Add configuration options to whisper_params (examples/stream/stream.cpp):
- std::string dedupe = "token"; // options: "none", "char", "token"
- int32_t min_token_overlap = 3; // minimum matched tokens to consider trimming
- int32_t min_char_overlap = 3; // minimum matched characters to consider trimming
- int32_t dedupe_history_chars = 4096; // history size for character history
Add new CLI flags parsing and help text: --dedupe {none,char,token} --min-token-overlap N --min-char-overlap N --dedupe-history-chars N
Implement both dedupe methods inside examples/stream/stream.cpp printing logic:
- Keep two histories: a) last_printed_text (string, normalized/capped) used for char-mode and as fallback b) last_printed_tokens (vector) used for token-mode
- Character-level dedupe (existing approach): normalize text (lowercase, collapse leading whitespace), find longest suffix of history that equals prefix of new segment, require min_char_overlap and prefer word/boundary checks. Trim prefix when match found and append remainder to history.
- Token-level dedupe:
  - For each new segment, gather token ids using whisper_full_get_token_id(ctx, seg_index, token_index) and whisper_full_n_tokens(ctx, seg_index) (these APIs already used elsewhere in the example).
  - Compute the longest suffix of last_printed_tokens that matches a prefix of new segment tokens.
  - If matched token_count >= min_token_overlap:
    - If token_count >= new_segment_token_count: skip printing the entire segment (fully duplicated)
    - Else: attempt to remove the first token_count tokens from the segment output.
  - To remove token_count tokens from the human-readable segment text, use one of the two approaches (prefer approach A, fallback to B): A) If API whisper_full_get_token_text(ctx, seg_idx, token_idx) is available in the repository, use it to compute the character length of the first token_count tokens and remove that prefix from the segment text. B) Otherwise, fall back to character-level trimming: use character-level longest-overlap logic between last_printed_text and the segment text and trim by characters. This keeps behavior safe when token text extraction is not available.
- After printing the (possibly trimmed) segment output, append the printed token ids (only those that were actually printed) to last_printed_tokens and cap the token history to a reasonable value (e.g. 2048 tokens). Also cap last_printed_text to dedupe_history_chars.
Default behavior: dedupe mode default should be "token" (if token-mode is unavailable at runtime it should fallback to "char"). Provide an option to disable dedupe via --dedupe none.
Keep behavior for timestamps and output file writing consistent with trimming.
Keep the code self-contained to examples/stream/stream.cpp and avoid changing other files. Add helper functions inside stream.cpp.
Add clear comments and logging for what dedupe mode is used and when fallback happens.

Testing and validation

The PR should compile with the repository's current build (examples target). The implementation should be conservative (do not cut words mid-letter) and avoid false positives using minimal overlap thresholds.
Behavior: with default parameters (dedupe=token, min_token_overlap=3, min_char_overlap=3) streaming output should no longer repeatedly print the same words on overlap boundaries.

Deliverables

A PR modifying examples/stream/stream.cpp implementing the described CLI flags and both dedupe methods, defaults, and robust fallbacks.
Update the usage help printed by whisper_print_usage to include the new flags and defaults.

Notes / Assumptions

Use existing whisper_full APIs available in examples/stream (whisper_full_get_token_id, whisper_full_n_tokens, whisper_full_get_segment_text, whisper_full_n_segments, etc.). If a helper to extract a token's text exists (e.g. whisper_full_get_token_text or whisper_token_to_str), prefer that for precise trimming; otherwise use safe character-level fallback for partial trims.
Do not change other example behavior unrelated to dedupe.

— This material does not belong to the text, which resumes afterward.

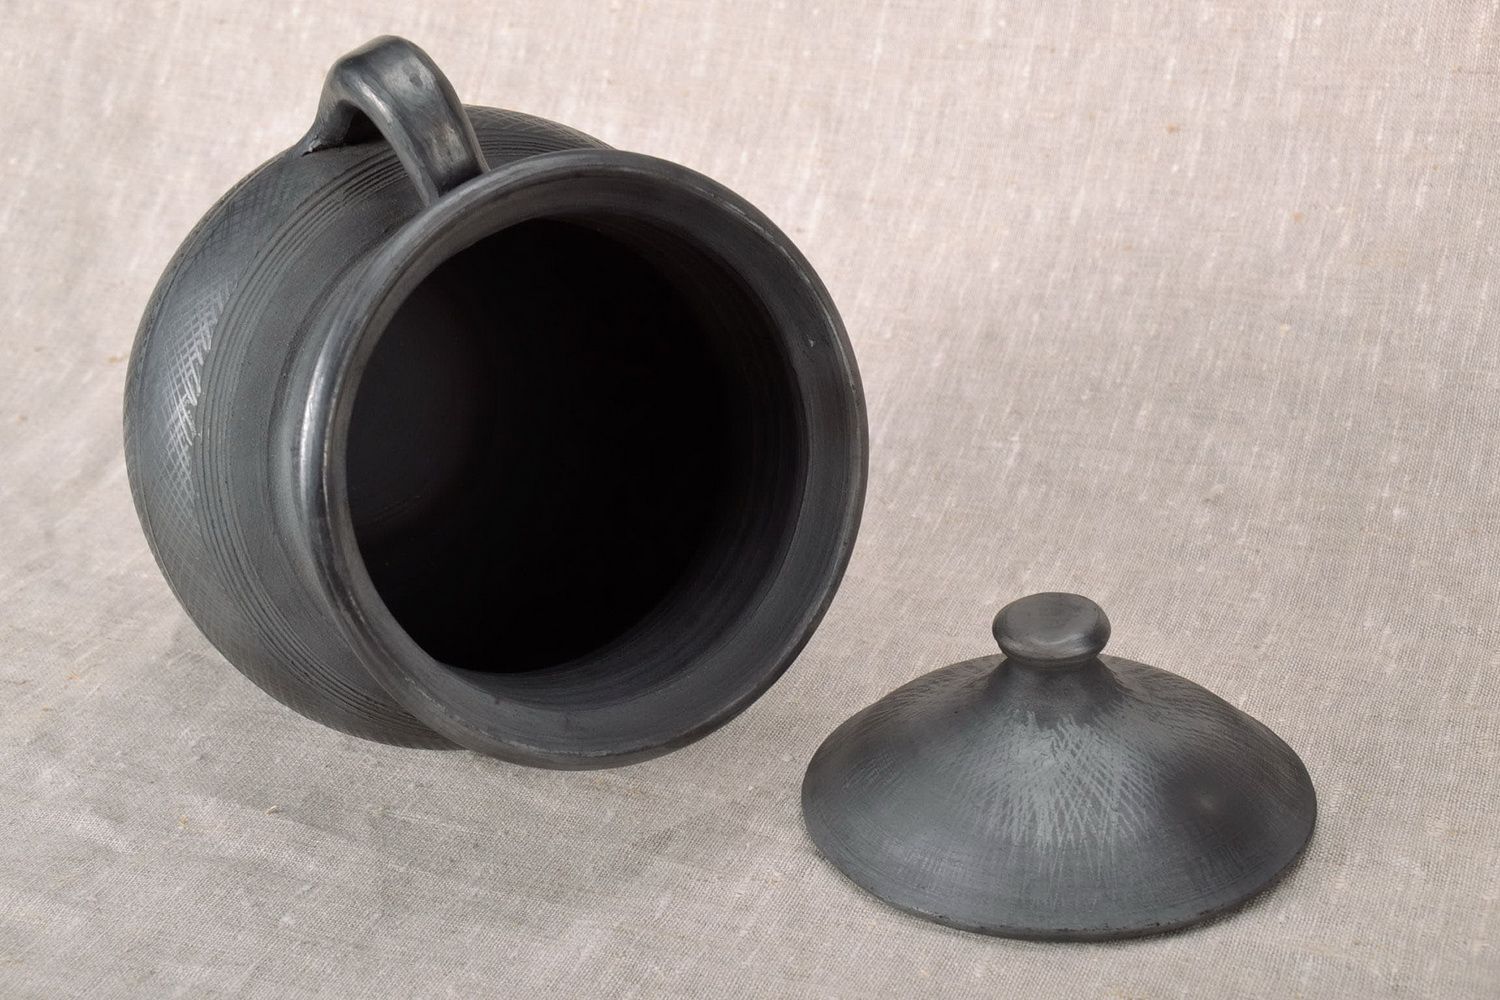 60 oz ceramic milk jug with handle and lid in black color 2,5 lb photo 4
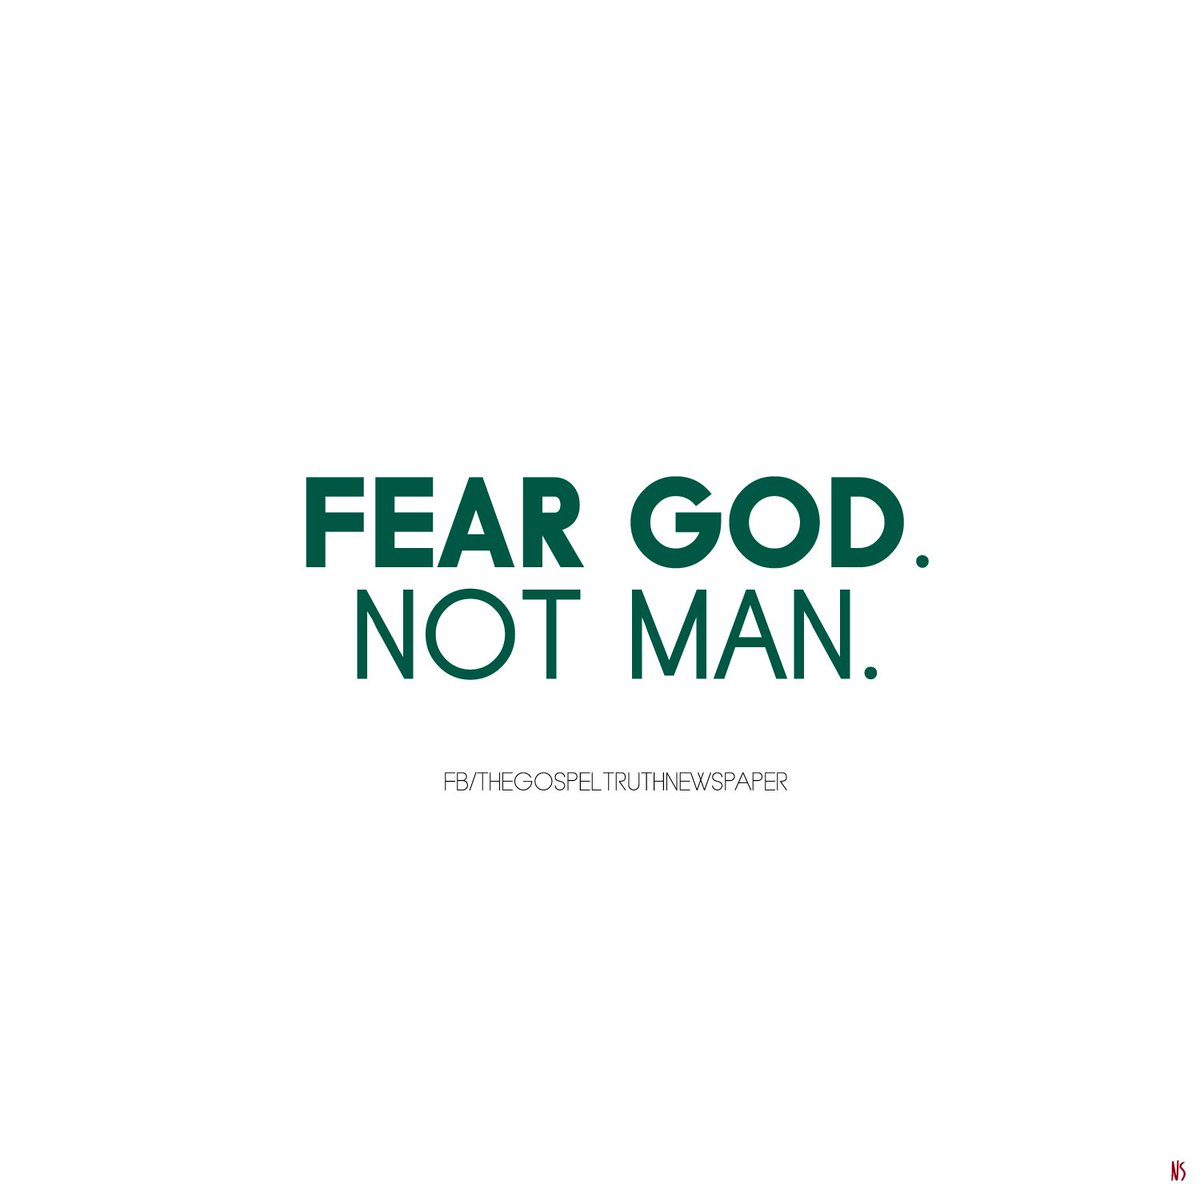 The Gospel Truth On Twitter: "Fear God. Not Man. #Christian #Quote #Inspiration #Fear #Dontfear #God #Minimalism Https://T.co/Okz4Zipehn" / Twitter

Please create a PR that implements this change. Make the patch detailed and include comments in the code explaining the dedupe strategies and the fallback behavior when token-level text extraction isn't available.

This pull request was created as a result of the following prompt from Copilot chat.

Goal

Implement two configurable duplicate-text removal methods for the streaming example (examples/stream/stream.cpp):

token-level dedupe (preferred): use whisper segment token ids to detect overlap across previously printed text and new segments and avoid printing duplicate tokens

character-level dedupe (fallback / simple): normalized longest suffix/prefix match on printed text

Expose a command-line option to choose the dedupe mode and tuning parameters.

Requirements

Add configuration options to whisper_params (examples/stream/stream.cpp):

std::string dedupe = "token"; // options: "none", "char", "token"

int32_t min_token_overlap = 3; // minimum matched tokens to consider trimming

int32_t min_char_overlap = 3; // minimum matched characters to consider trimming

int32_t dedupe_history_chars = 4096; // history size for character history

Add new CLI flags parsing and help text: --dedupe {none,char,token} --min-token-overlap N --min-char-overlap N --dedupe-history-chars N

Implement both dedupe methods inside examples/stream/stream.cpp printing logic:

Keep two histories: a) last_printed_text (string, normalized/capped) used for char-mode and as fallback b) last_printed_tokens (vector) used for token-mode

Character-level dedupe (existing approach): normalize text (lowercase, collapse leading whitespace), find longest suffix of history that equals prefix of new segment, require min_char_overlap and prefer word/boundary checks. Trim prefix when match found and append remainder to history.

Token-level dedupe:

For each new segment, gather token ids using whisper_full_get_token_id(ctx, seg_index, token_index) and whisper_full_n_tokens(ctx, seg_index) (these APIs already used elsewhere in the example).

Compute the longest suffix of last_printed_tokens that matches a prefix of new segment tokens.

If matched token_count >= min_token_overlap:

If token_count >= new_segment_token_count: skip printing the entire segment (fully duplicated)

Else: attempt to remove the first token_count tokens from the segment output.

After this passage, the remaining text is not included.